* **DATASET EXCERPT**

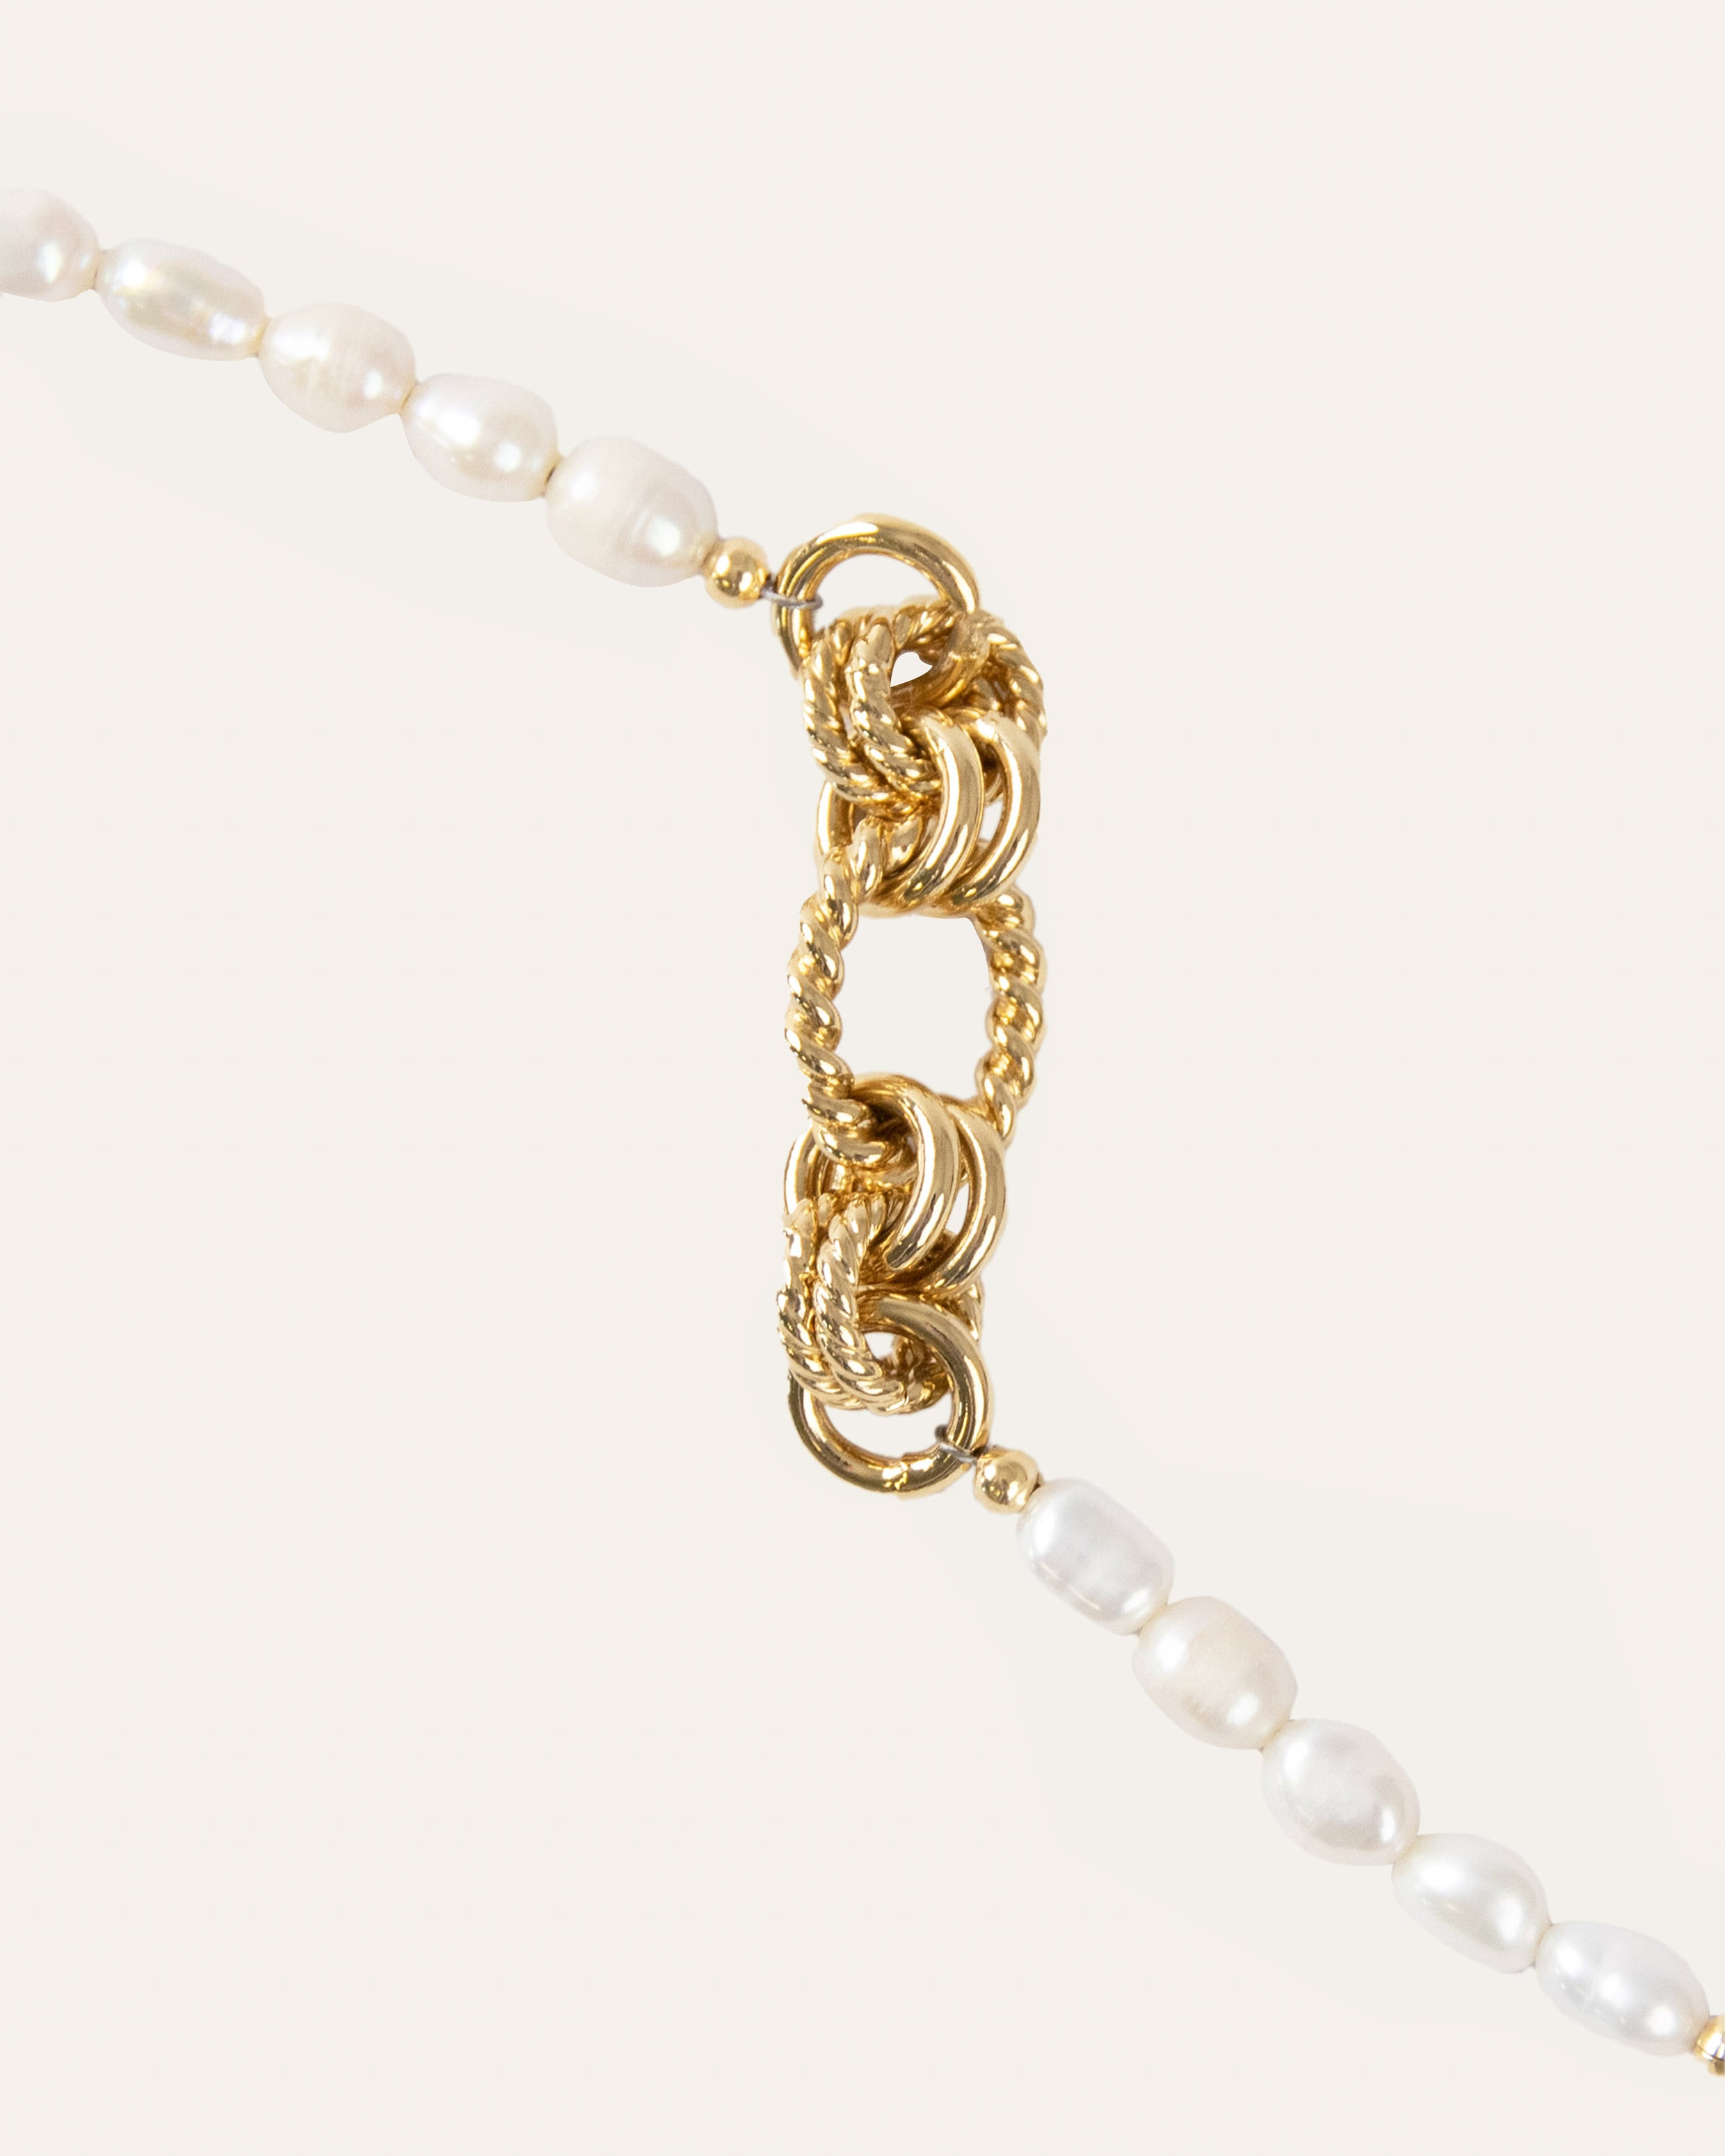 Bracelet orné de perles de culture avec des mailles de différentes tailles rondes et ovales, et différents designs torsadés et lisses, en plaqué or 3 microns 18 carats made in France.
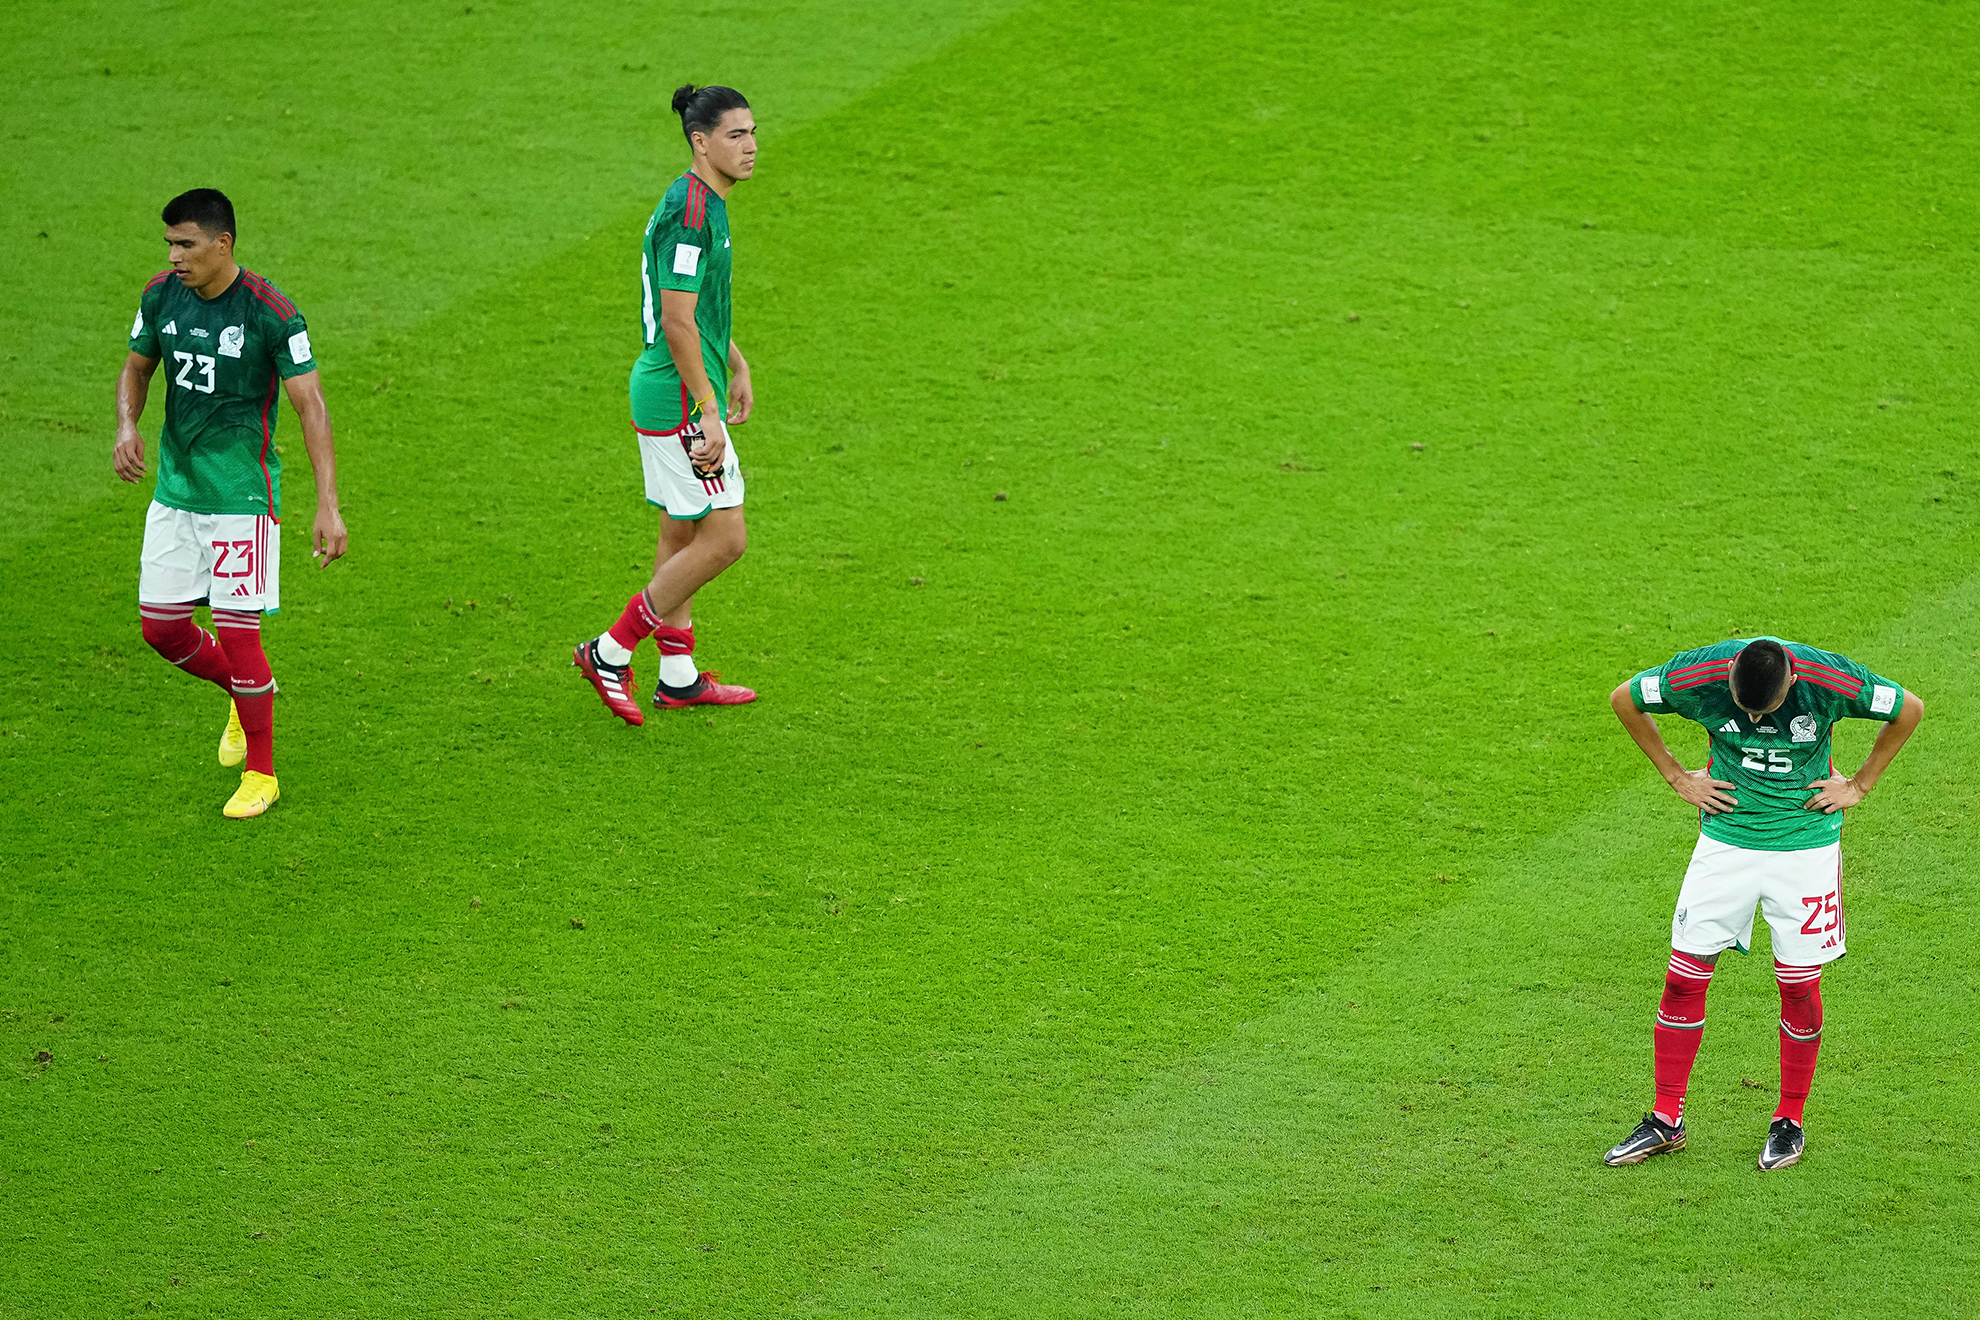 La selección mexicana sin gol en el Mundial de Qatar 2022 | Imago7
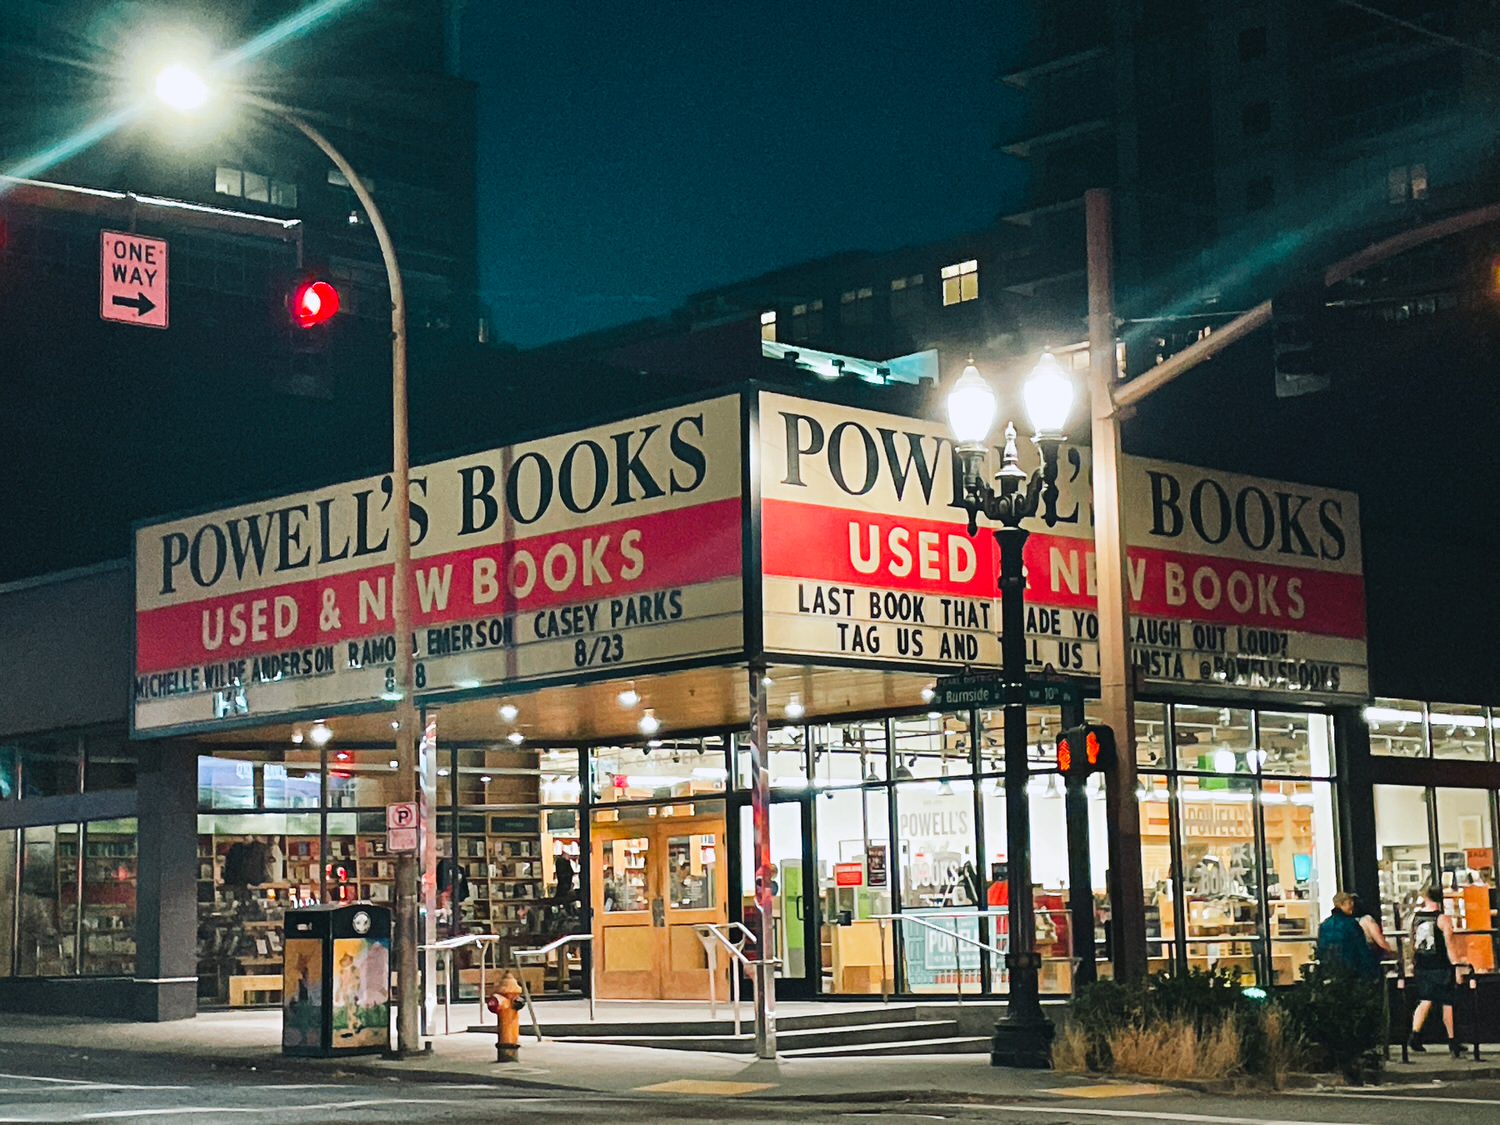 2023波特蘭 Portland
全球最大獨立書店 Powell’s Books

* **WORK ITEM**
Would you print all of the material exactly as written, minus the pictures?

* **WRITTEN RESPONSE**
 Bracelet orné de perles de culture avec des mailles de différentes tailles rondes et ovales, et différents designs torsadés et lisses, en plaqué or 3 microns 18 carats made in France.
 La selección mexicana sin gol en el Mundial de Qatar 2022 | Imago7
 2023波特蘭 Portland
全球最大獨立書店 Powell’s Books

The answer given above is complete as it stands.